Przędzalnia jedwabiu! Jak skamieniała stanęła Anielka przy łóżku. Więc takie przędzalnie i w mieście bywają? Pani Kudelska pracowała w przędzalni! A gdzie mieszkał jej mąż? Wogóle skąd pochodziła? Anielka odrzuciła wtył głowę jakby pragnęła zebrać całą siłę młodzieńczości, aby dopomóc tej kobiecie przy wydostaniu się ze znienawidzonej fabryki. Usłyszała już jednak znowu głos pani Kudelskiej:
— Aniela także pracowała w przędzalni, prawda? Dla dzieci ta praca jest szczególnie ciężka. My, starzy musimy sobie dawać jakoś radę, bo nam już nic innego w życiu nie pozostało.
Ale czy to wogóle było możliwe?
Przez maleńkie okienko w dachu wnikał do izdebki upojny zapach świeżej czekolady.
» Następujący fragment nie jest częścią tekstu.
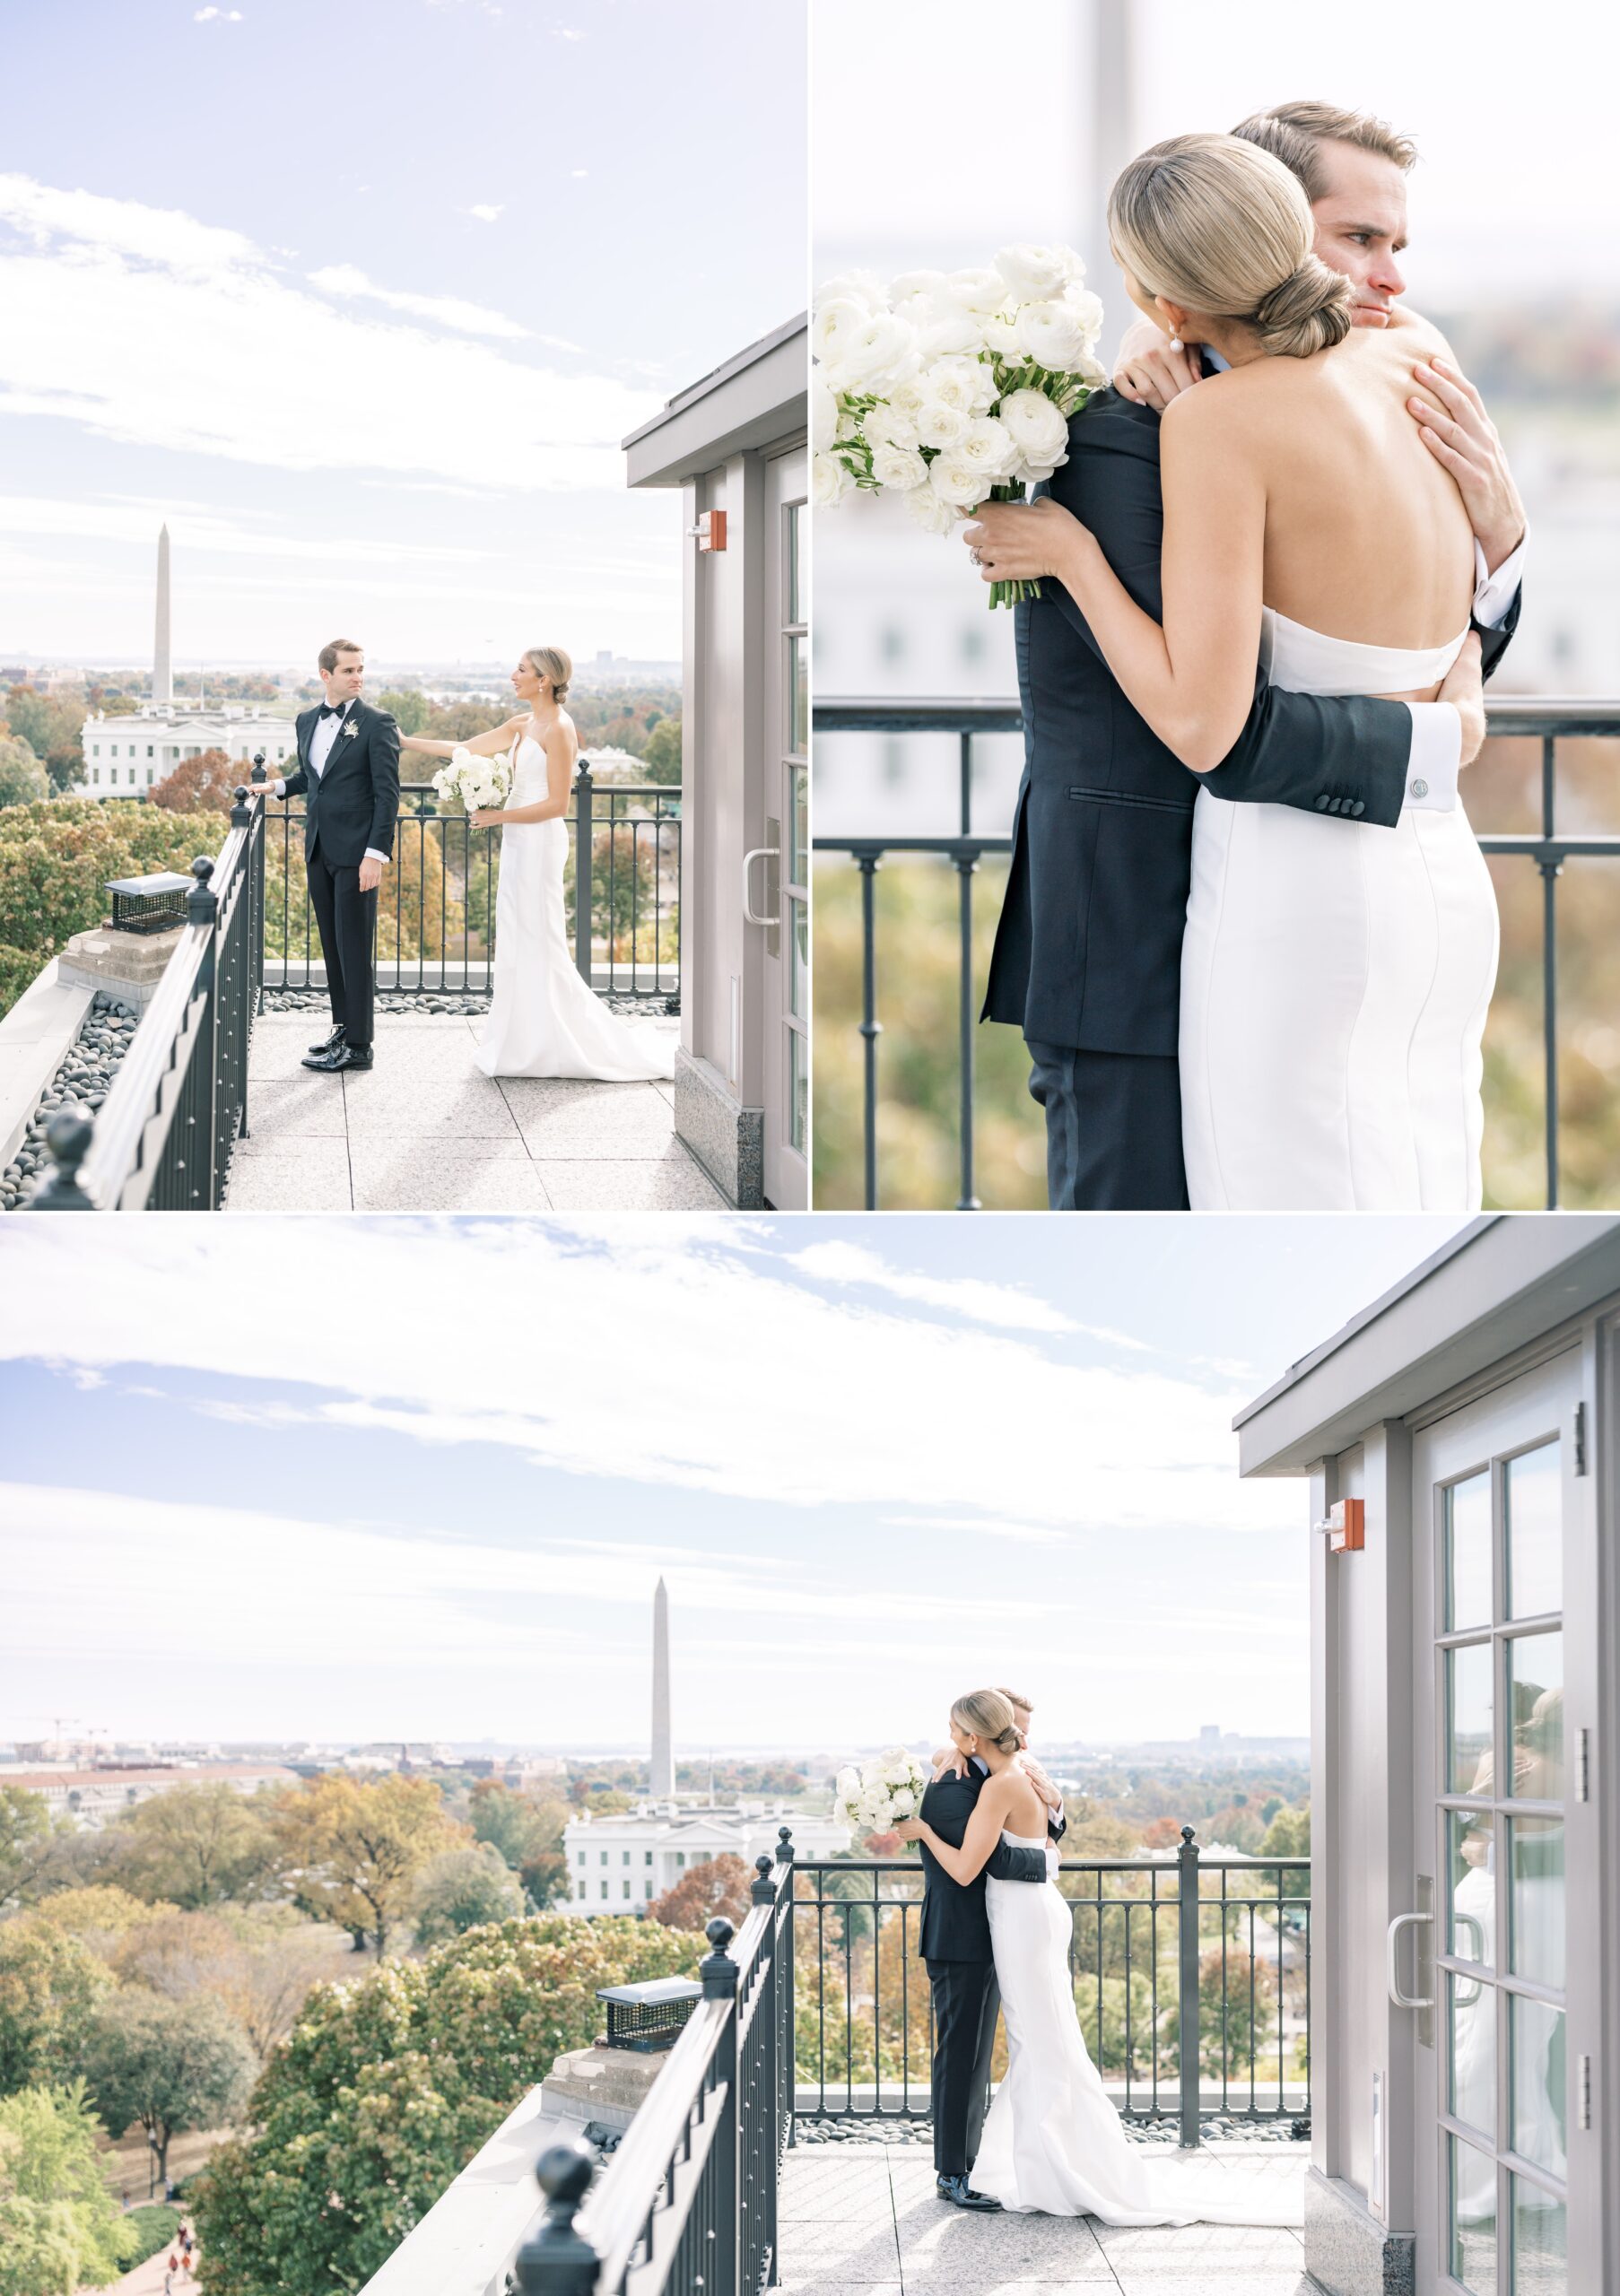 A chic black tie wedding at the elegant Hay Adams hotel in Washington, DC.

Zapach ten zdawał się zasnuwać mgłą całe zrozumienie Anielki tych wszystkich rzeczy, o których ostatnio tak często myślała. Wszystko nagle prysło, jak sen. Anielka w tej chwili myślała jedynie o słodkiej doskonałej czekoladzie, którą tam, obok fabrykowano i której ona jeszcze nigdy nie kosztowała nawet. W tej chwili odczuła jakąś dziwną pustkę w żołądku.
— Myślę, że już pora nakrywać do stołu, — usprawiedliwiła się przed panią Kudelską. — Przyjdę tu znowu później, a do przędzalni wstąpię napewno.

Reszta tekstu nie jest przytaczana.